Buzz makes me anxious because he wants to boss the other horses even when you have them on a lead, so they want to get out of his way. When you shoo him he will leap away but buck his hindquarters at you. A bit freaky, even though he hasn't lashed out it does not make for a calming time. Buzz is the horse my sister rides. I wish she had kept BillyJack, he was much easier to be around.

A couple of pics from today

The mane and angle of pic make Inca look top heavy!!
View attachment 936682


----------



## gingerscout (Jan 18, 2012)

Subbing.. love your pics and updates


----------



## ShirtHotTeez (Sep 23, 2014)

thanks @gingerscout


----------



## JoBlueQuarter (Jan 20, 2017)

Subbing! Interested to follow your journey!


----------



## Change (Jul 19, 2014)

I'm here, too! And man, am I jealous of your pasture!! Pretty horses, too. Life is good!


----------



## ShirtHotTeez (Sep 23, 2014)

Thanks Change. This is my sister & BILs place. Sonny has enjoyed just being a horse. If he has ever seen such big paddocks it would have been before going into training most likely.


----------



## ShirtHotTeez (Sep 23, 2014)

@Zebedee


----------



## Horsef (May 1, 2014)

I'm always amazed that real people actually live in postcard settings


----------



## GMA100 (Apr 8, 2016)

Cute horses! Can I live where you live? lol


----------



## Zexious (Aug 2, 2013)

Sounds like you need to give Buzz a piece of your mind 

Really looking forward to following your journey! Inca and Sonny are so lovely!! <3


----------



## Tazzie (Nov 8, 2011)

I'll definitely be following along


----------



## ShirtHotTeez (Sep 23, 2014)

Thanks guys
@Horsef most of New Zealand has picturesque scenery once you're out of the cities. The scenery changes but still beautiful most places .
@GMA100 You would be welcome anytime


----------



## ShirtHotTeez (Sep 23, 2014)

DS just bought a float. The beach just got closer!! BIL needs to do a bit of work on it but i think it is mostly cosmetic. Exciting much


----------



## ShirtHotTeez (Sep 23, 2014)

*I did it!*

So I finally rode Inca today! :happydance:

Poor old Inca, I think she believes that when someone gets on her she is supposed to just go fast. So we just walked round the paddock for about 1/4 hour with little arguments about direction!! 

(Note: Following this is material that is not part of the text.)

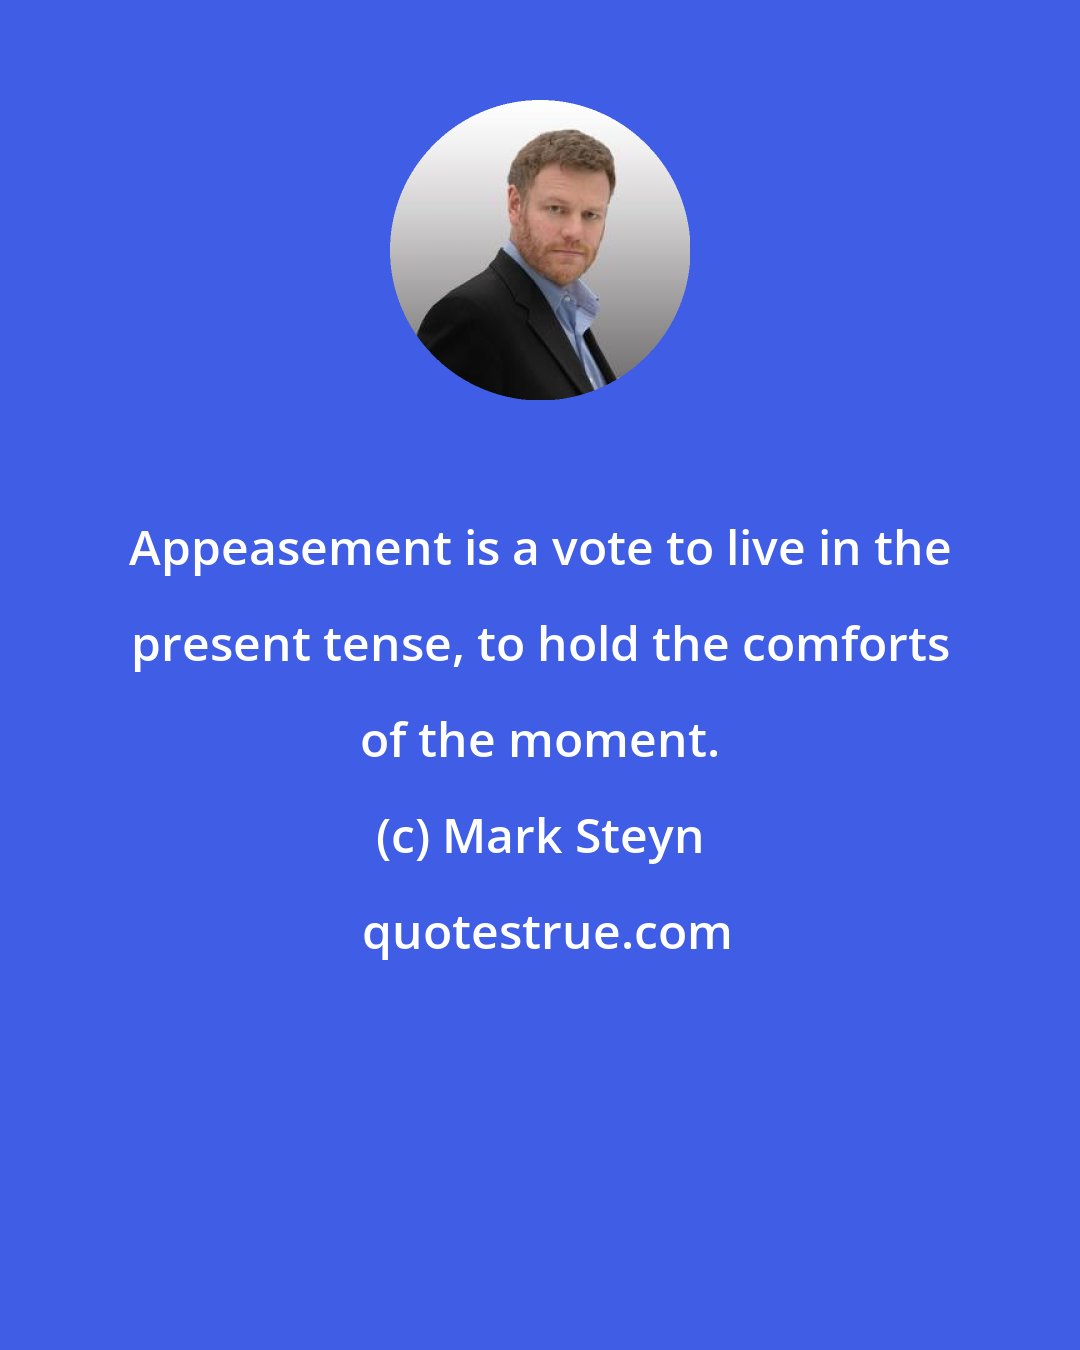 Mark Steyn: Appeasement is a vote to live in the present tense, to hold the comforts of the moment.

Then some dickhead up the road started shooting which made Inca nervous and as I am still working on confidence we called it a day. Going to take a bit of time for her back muscles to strengthen. 

Was using an eggbutt snaffle, but it is not the bit for her. When i trialed her she had a pelham which she went well in, might get one but will try the tom thumb snaffle tomorrow. The one I have is a tad short but we will see.

I wish I wasn't so fat.

We trimmed Inca's front feet a bit but she will get a proper pedicure next week.

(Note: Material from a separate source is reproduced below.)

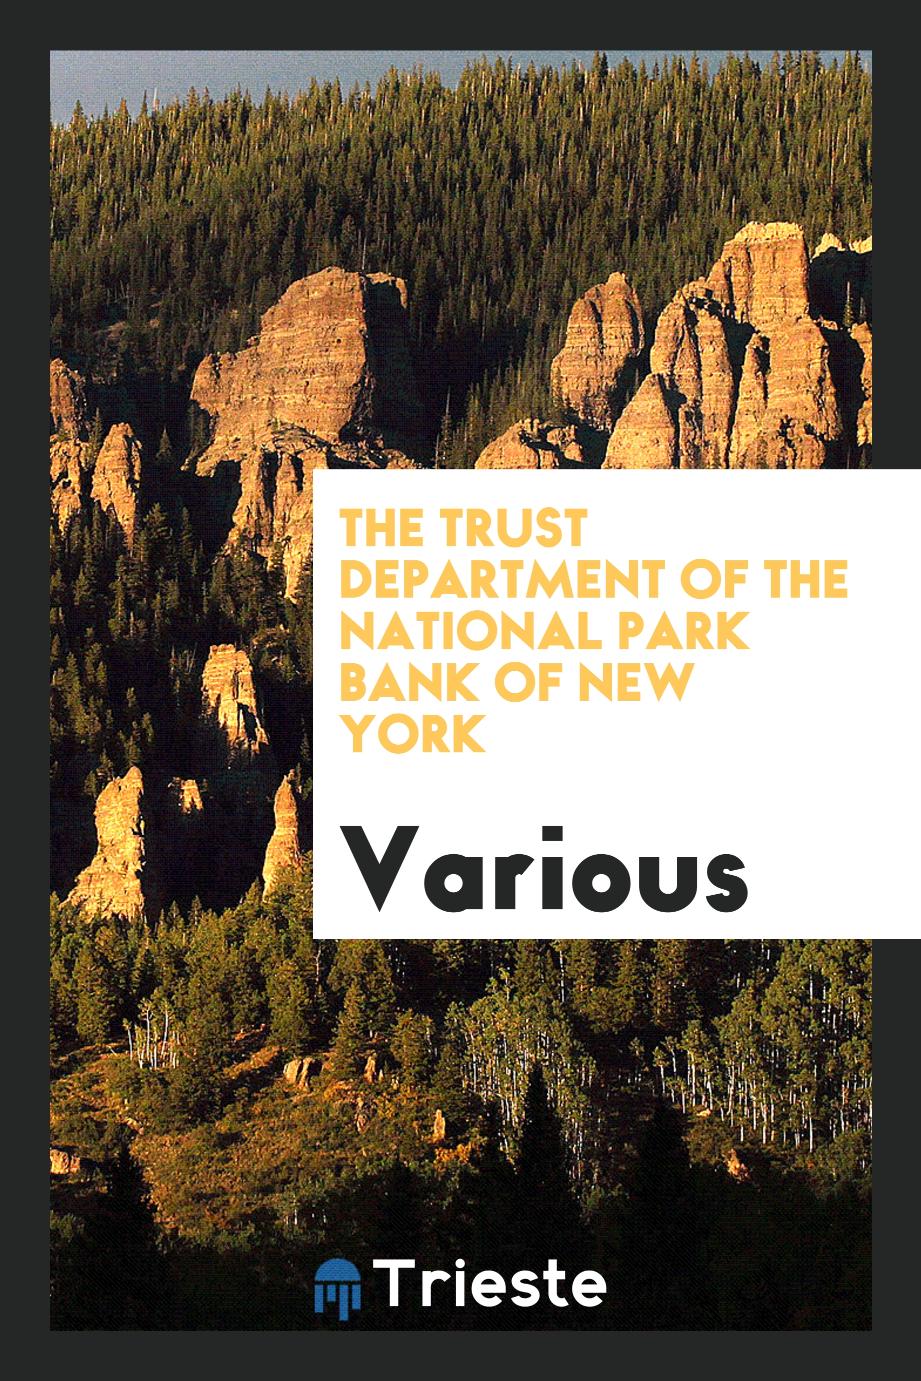 The trust department of the National Park Bank of New York

and this sort of summed up the day lol









End of day, Inca got a wash and we cleaned leather...not all of it but made a good start on what we are using.


----------



## JCnGrace (Apr 28, 2013)

A refreshing drink sounds good about right now. Since it's early in the am where I am I'll have a bloody mary. LOL Wonderful pics ShirtHot!


----------



## Tazzie (Nov 8, 2011)

I think you look wonderful on her! Don't be so hard on yourself! I'm SOOOO glad you got to ride though!!!

And a drink does sound nice :lol: but I have to haul Izzie in a few hours, and I'm a SUPER light weight :lol:


----------



## Zexious (Aug 2, 2013)

You and Inca look like you're having a lovely time! Thanks for sharing <3


----------



## ShirtHotTeez (Sep 23, 2014)

Thanks @Zexious. I have to be careful about giving Buzz a piece of my mind. BIL can get funny about things and atm me and my horses are living on their property. Which makes me wonder how I put myself in this position!! But never mind will tough it out for now. It would be really easy if it was just sister.


----------



## TuyaGirl (Mar 14, 2014)

Subbing as well. Yay for you and Inca! Lovely horses and lovely green pastures


----------



## ShirtHotTeez (Sep 23, 2014)

Well if this works here is a short video of the horses playing. They go in to the little stand of redwoods. Sonny seems worried about going in but he is a bit taller and some of those branches are low. Very cute (biased of course)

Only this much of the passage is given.